6. Conclusions and Future Studies

This paper proposes the indicator systems and integrated desirability framework for comprehensive evaluation of the HSR operating speeds. The HSR operating speed factors, i.e., station distribution and stopping patterns, braking distance, operating cost, ticket fares and value of travel time savings, attractiveness of HST, electric multiple unit (EMU) characteristics, travel time and en route time, speed heterogeneity and network effects, capacity, safety, track-side noise, and vibration are analyzed firstly in the comprehensive evaluation.

The indicator systems for comprehensive evaluation of HSR operating speeds are built from the perspective of economic efficiency (i.e., running cost, travel cost, and value of travel time savings), operational efficiency (i.e., percentage of maximum operating speed achieved and compatibility of mixed traffic), track capacity, operational security, and environment impact.
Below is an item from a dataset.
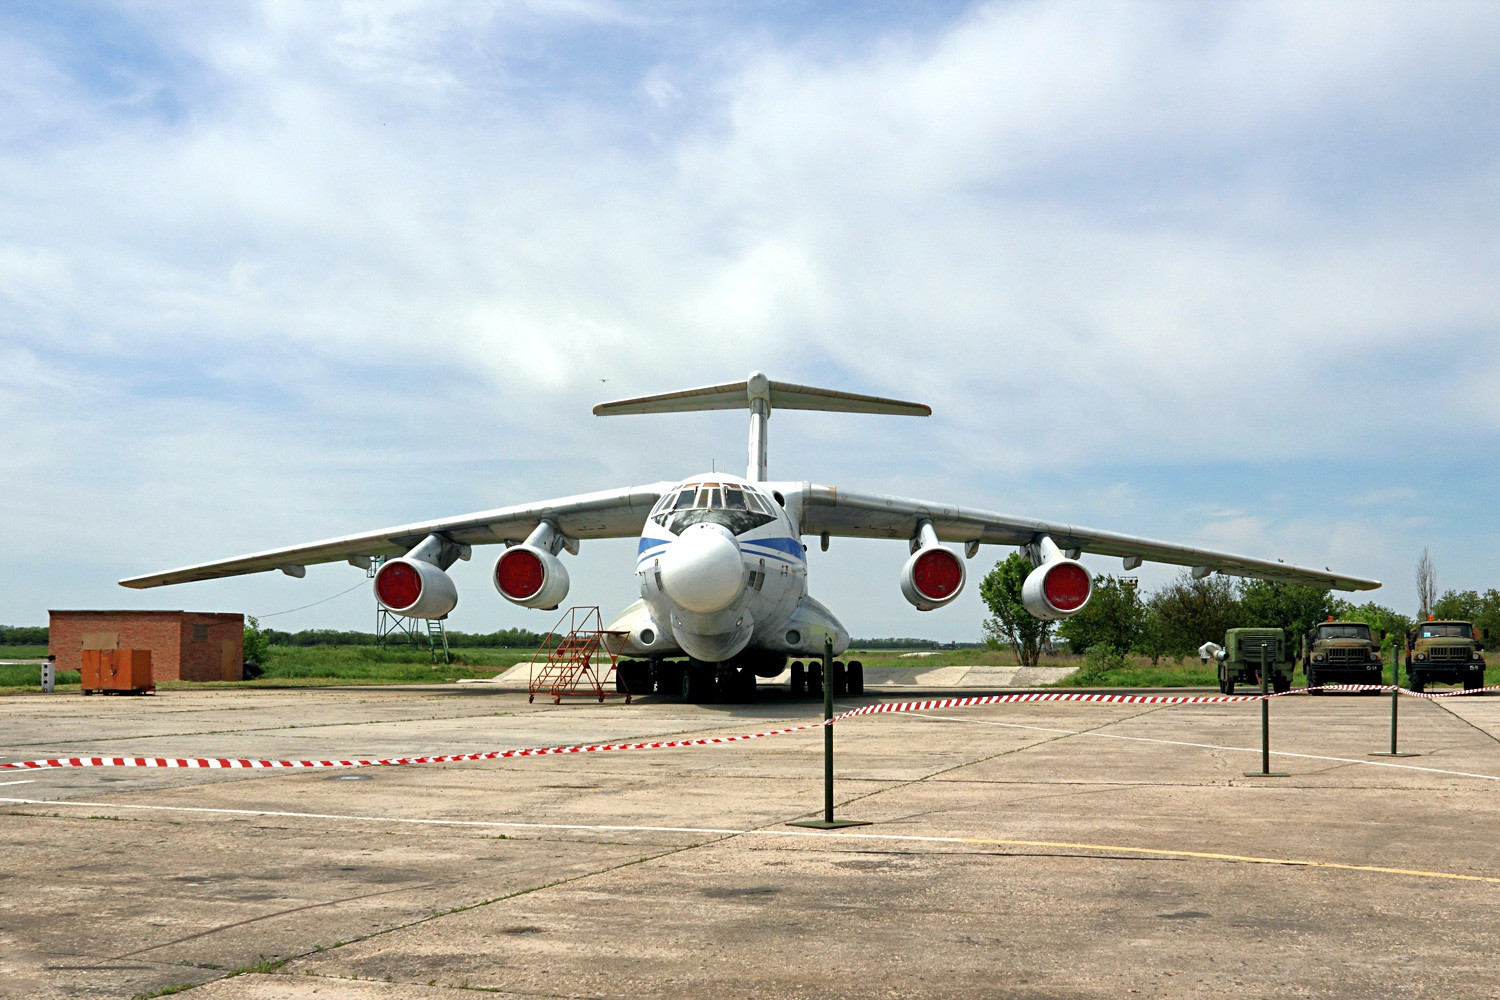 A-60 – sovjetski/ruski eksperimentalni leteći laboratorij, nosač laserskog oružja napravljen na bazi zrakoplova Il-76MD. Namijenjen je za istraživanje širenja laserskih zraka u gornjim slojevima atmosfere, a kasnije i za ometanje neprijateljskog opažanja.

The integrated desirability framework for comprehensive evaluation is proposed, which is a combination of entropy-analytical hierarchy procedure (EAHP) and technique for order preference by similarity to ideal solution (TOPSIS). This framework consists of EAHP (entropy-AHP) process and EAHP-TOPSIS process. In the EAHP process, the detailed steps are developed for determining the weight vector of the indicator systems. In this process, the conventional AHP method is modified by entropy. In the EAHP-TOPSIS process, the detailed steps are designed for comprehensive evaluation of the HSR operating speeds. In this process, the conventional TOPSIS method is modified by the EAHP.
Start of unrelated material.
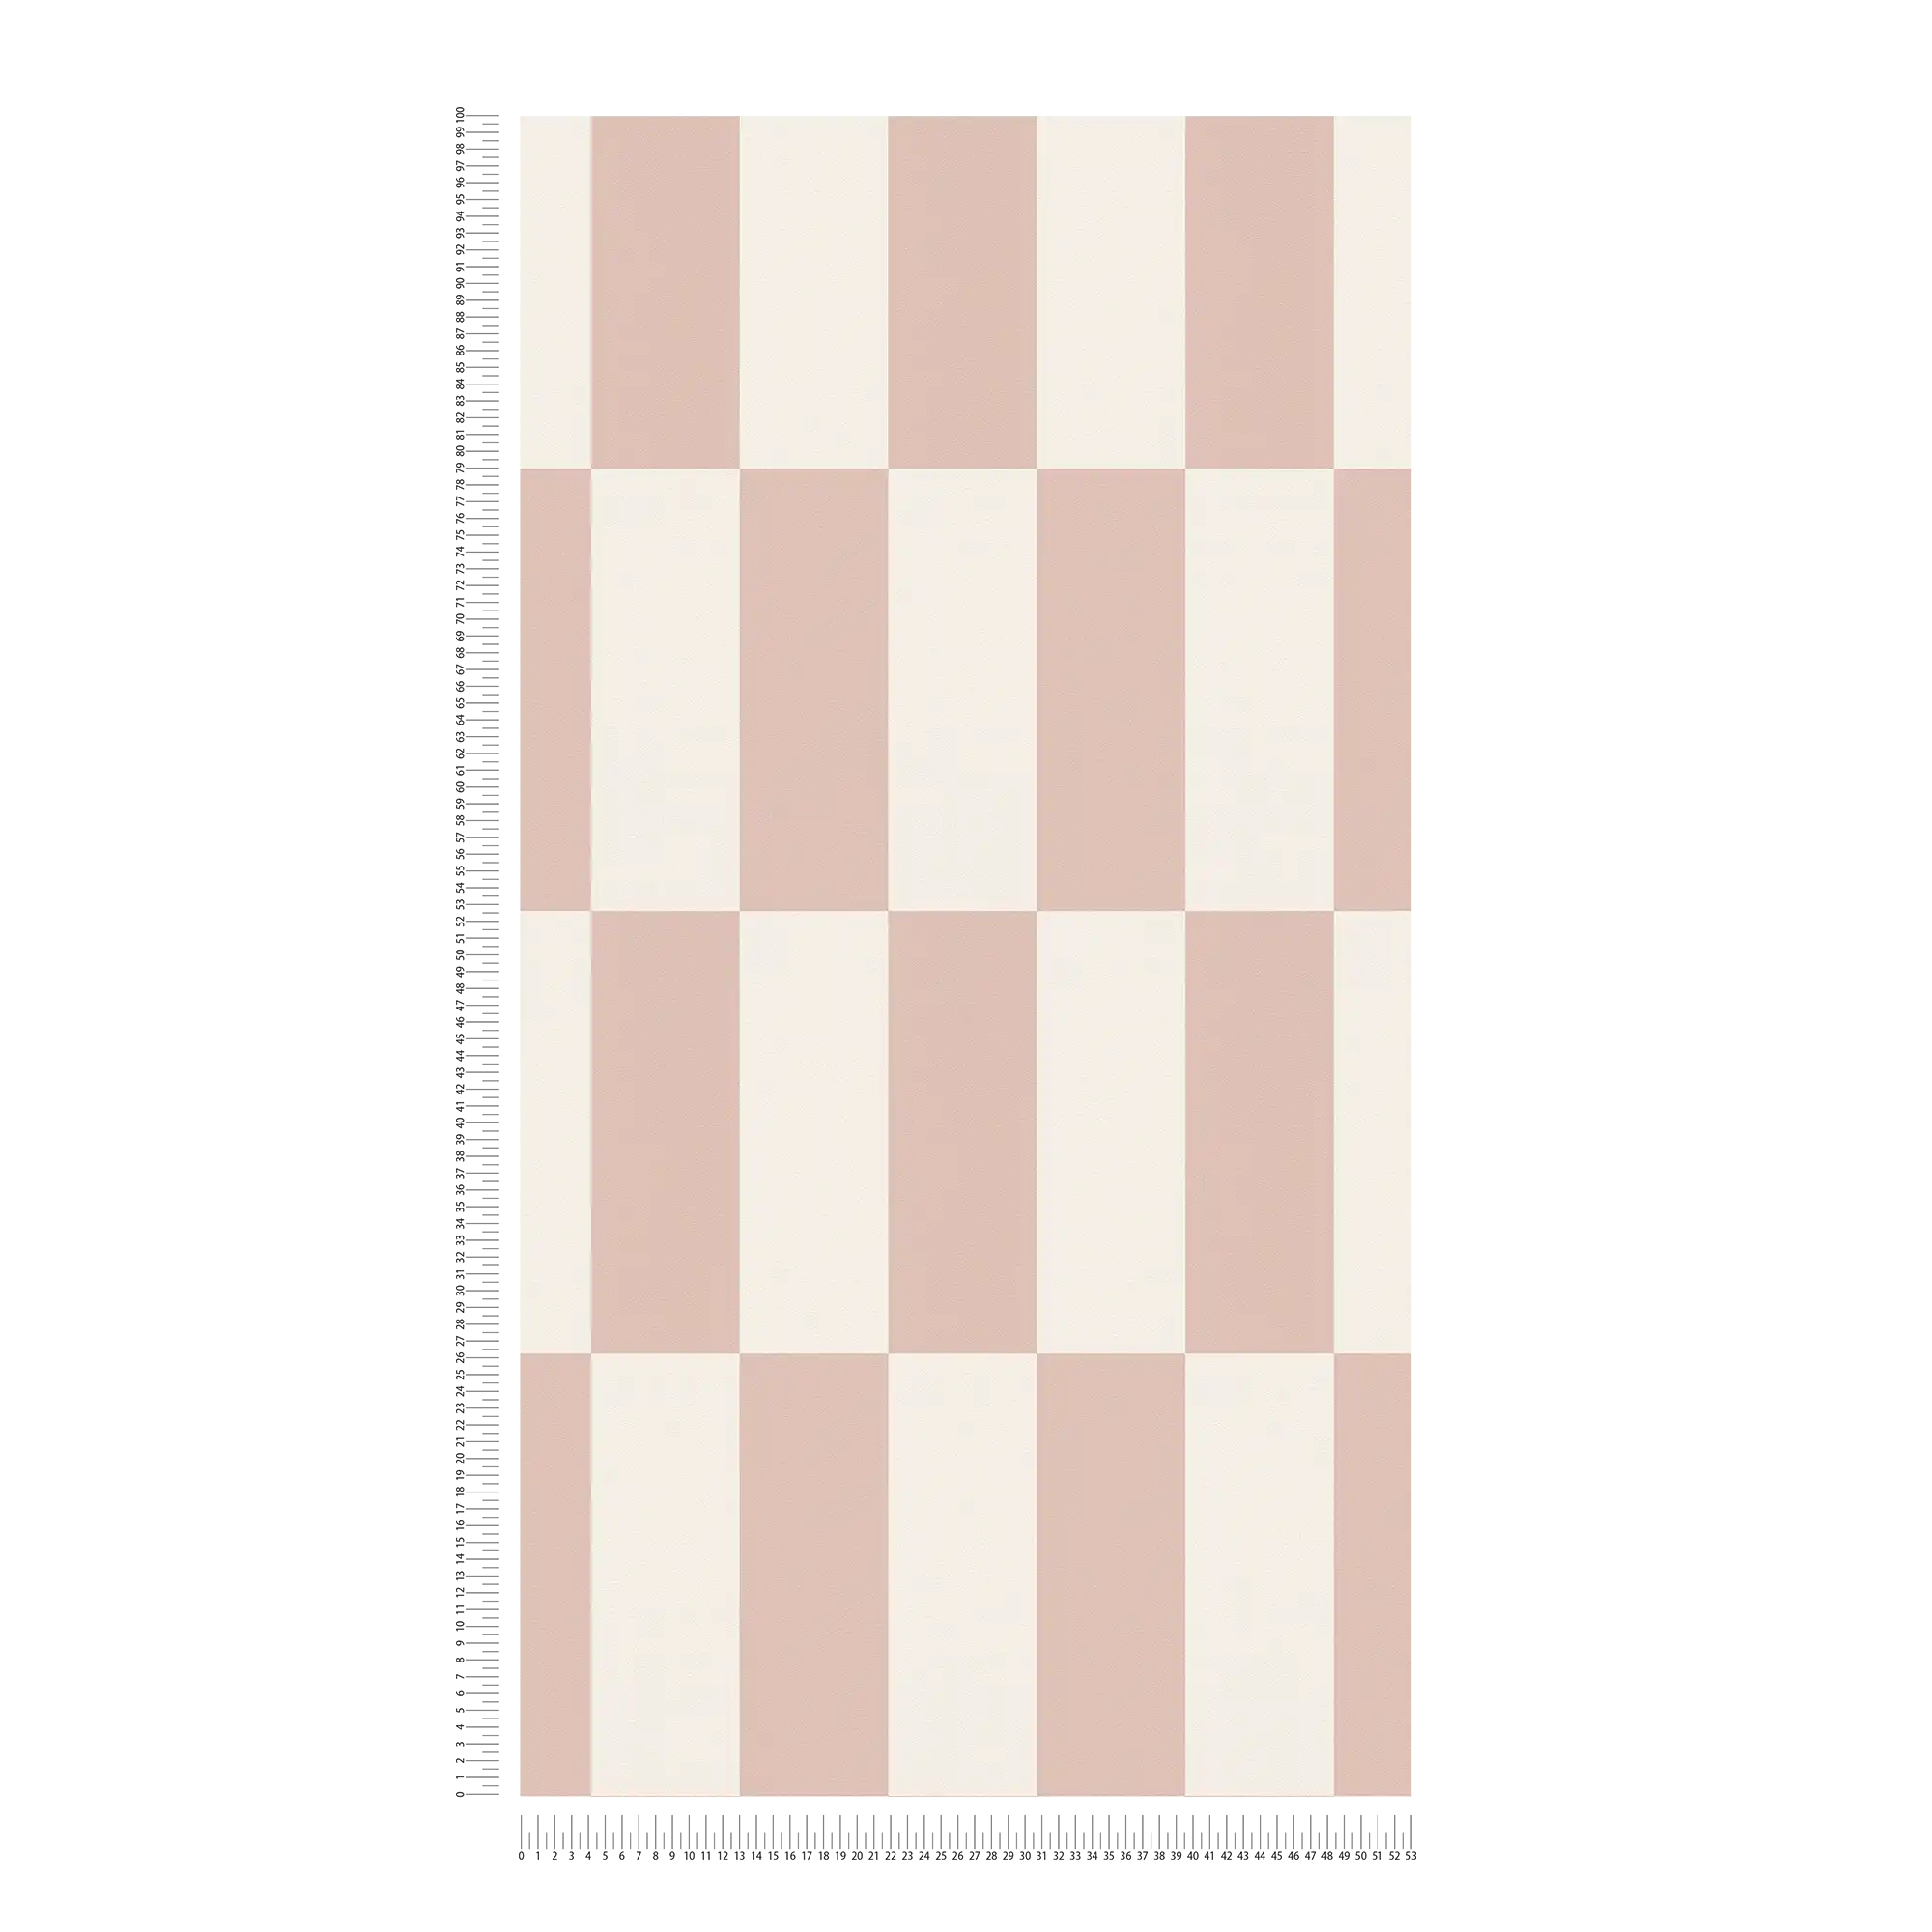             Patroonbehang met vierkantjes grafisch patroon - taupe, wit

A case study to comprehensive evaluation towards China HSR (CHSR) operating speeds is presented. The results show the following: (i) for the desirability degree of the maximum operating speeds in general, the highest desirability degree is achieved from 200 km/h, i.e., 0.8774. (ii) Under the ensured security condition, the highest desirability degree corresponds to the speed of 200 km/h, i.e., 0.6880. (iii) From the dimension of economic efficiency, the maximum operating speed 350 km/h achieves the best desirability degree, i.e., 0.6234. (iv) From the dimension of operational efficiency, the maximum operating speed 200 km/h achieves the best desirability degree, i.e., 1. (v) From the dimension of operational efficiency, the maximum operating speed 250 km/h achieves the best desirability degree, i.e., 0.6180. The above results show that the indicator systems and integrated desirability framework are instructive for seeking the most suitable HSR operating speeds from various perspectives.
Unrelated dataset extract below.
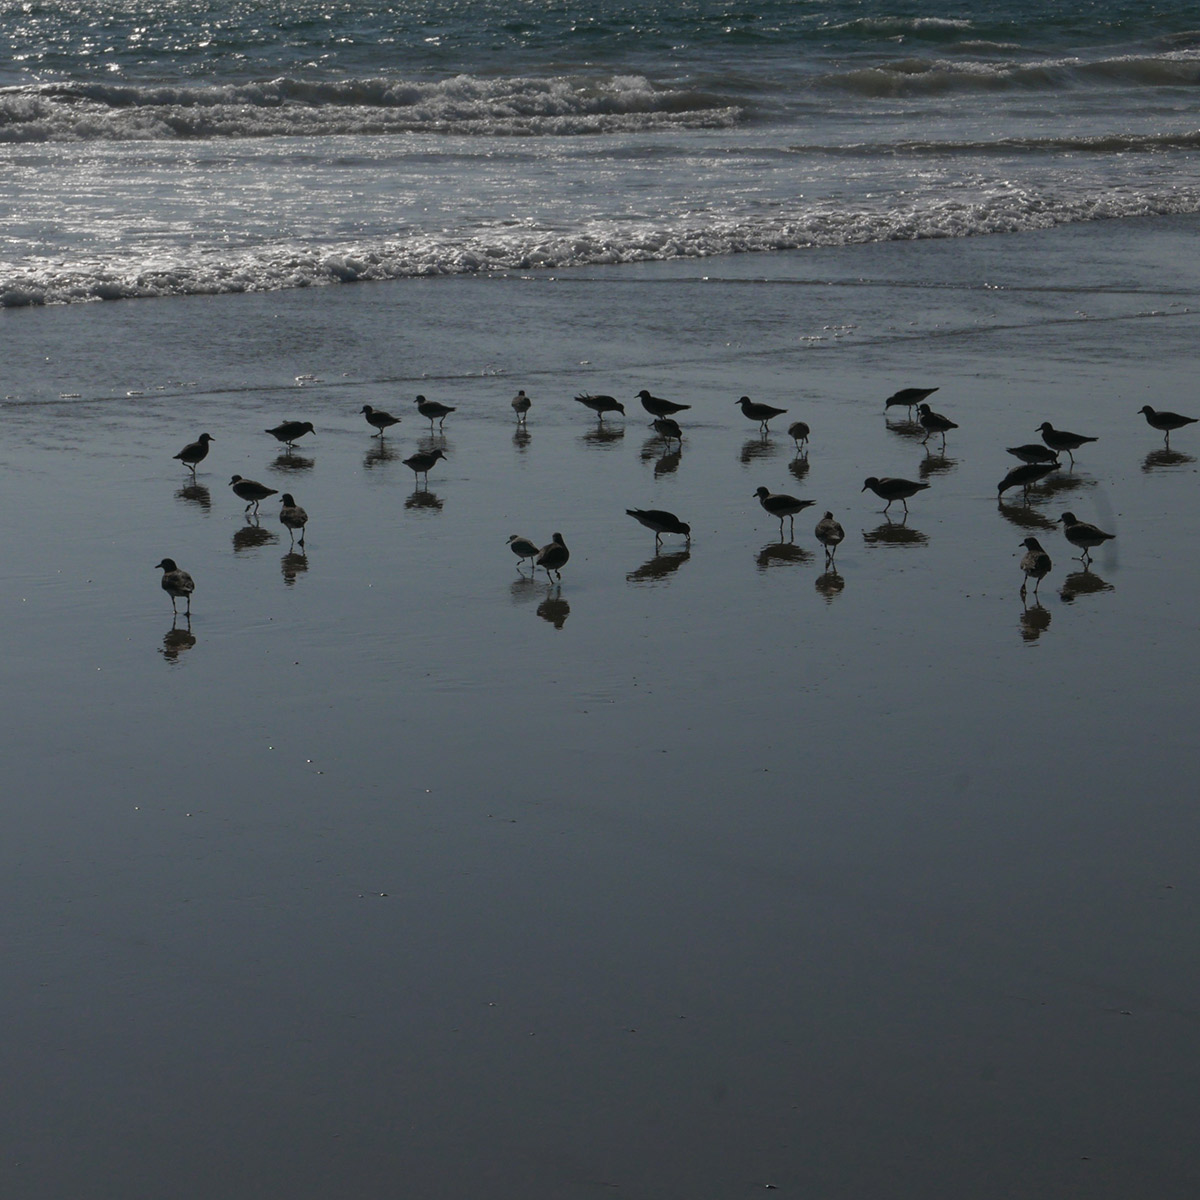 birds on a beach

In the future research, we will study the train trajectory optimization based on the indicator systems and integrated desirability framework in this paper, which is a more challenging work. Moreover, in nature, the method proposed in this study belongs to the kind of multicriteria decision-making (MCDM) methodology [54], which can also be used to evaluate the given alternatives/solutions for decision purposes.

Data Availability

The data used to support the findings of this study have been included within this article.

Disclosure

This research did not receive any specific grant from funding agencies in the public, commercial, or not-for-profit sectors.

Conflicts of Interest

The authors declare that there are no conflicts of interest regarding the publication of this paper.

Acknowledgments

We wish to thank the authors of the articles mentioned in the reference list.